To make chicken wings tasty, folks often rely on a marinade—a savory sauce that soaks poultry to enrich its flavor or to tenderize it. Marinating also prevents chicken from drying out during roasting, grilling, frying or baking. Here are some cooking and marinating tips to keep your wings safe:
- Washing chicken can spread bacteria. Instead wipe your poultry with paper towels and throw used paper towels in the trash to prevent cross contamination. If you wash your chicken, fully clean and sanitize surfaces that raw poultry may have touched.
- Wash hands for 20 seconds before and after handling raw poultry. Clean surfaces and utensils with soap and water before cooking and after contact with raw poultry.
- Use separate cutting boards, plates and utensils to avoid cross-contamination between raw poultry and foods that are ready-to-eat.
- Never marinate raw poultry on a kitchen counter for longer than two hours.
- Cook refrigerated raw poultry in a marinade within two days.
- Don’t use marinade that was used on raw poultry as a sauce unless it is boiled first to destroy bacteria.

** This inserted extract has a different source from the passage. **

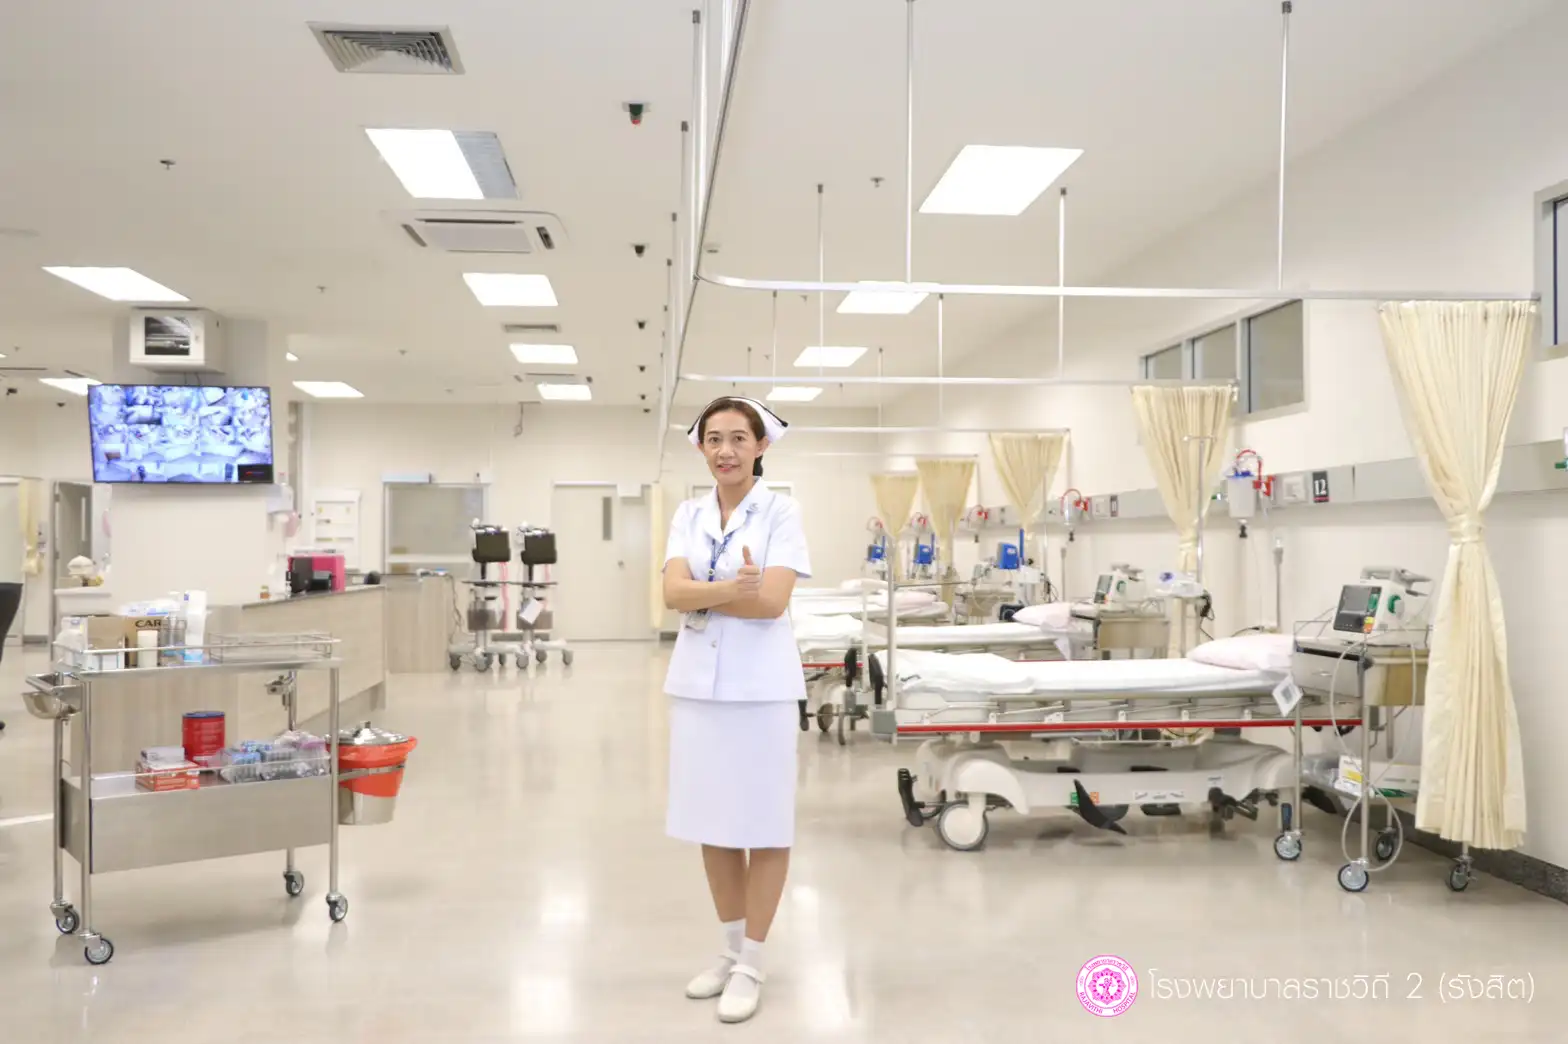 โรงพยาบาลราชวิถี 2 (รังสิต) พร้อมให้บริการ แผนกฉุกเฉิน 24 ชม. เป็นวันแรก HealthServ
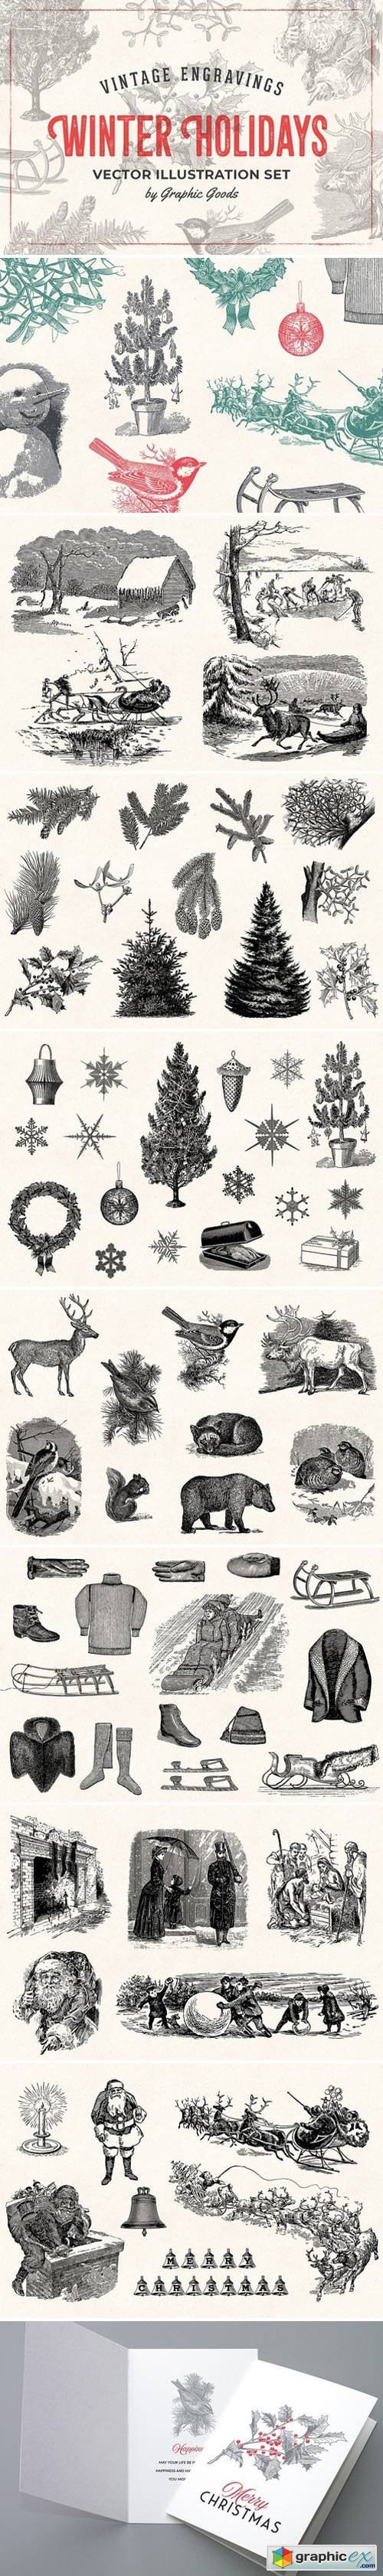 Winter Holidays - Vintage Engravings

Always reheat marinade safely by bringing it to a rolling boil.
- Cook chicken wings to a safe minimum internal temperature of 165 F. Use a food thermometer on each wing, avoiding the bone. If one wing is under 165 F, continue cooking until they all reach their safe minimum internal temperature.
- Don’t leave cooked chicken wings out for more than two hours at room temperature or keep them hot at 140 F or above by using a preheated oven, warming tray, chafing dish or slow cooker.
For more food safety tips, call the U.S. Department of Agriculture (USDA) Meat and Poultry Hotline at 1-888-MPHotline (1-888-674-6854), email MPHotline@usda.gov, or chat live at ask.usda.gov from 10 a.m. to 6 p.m. Eastern Time, Monday through Friday to reach a food safety specialist in English or Spanish.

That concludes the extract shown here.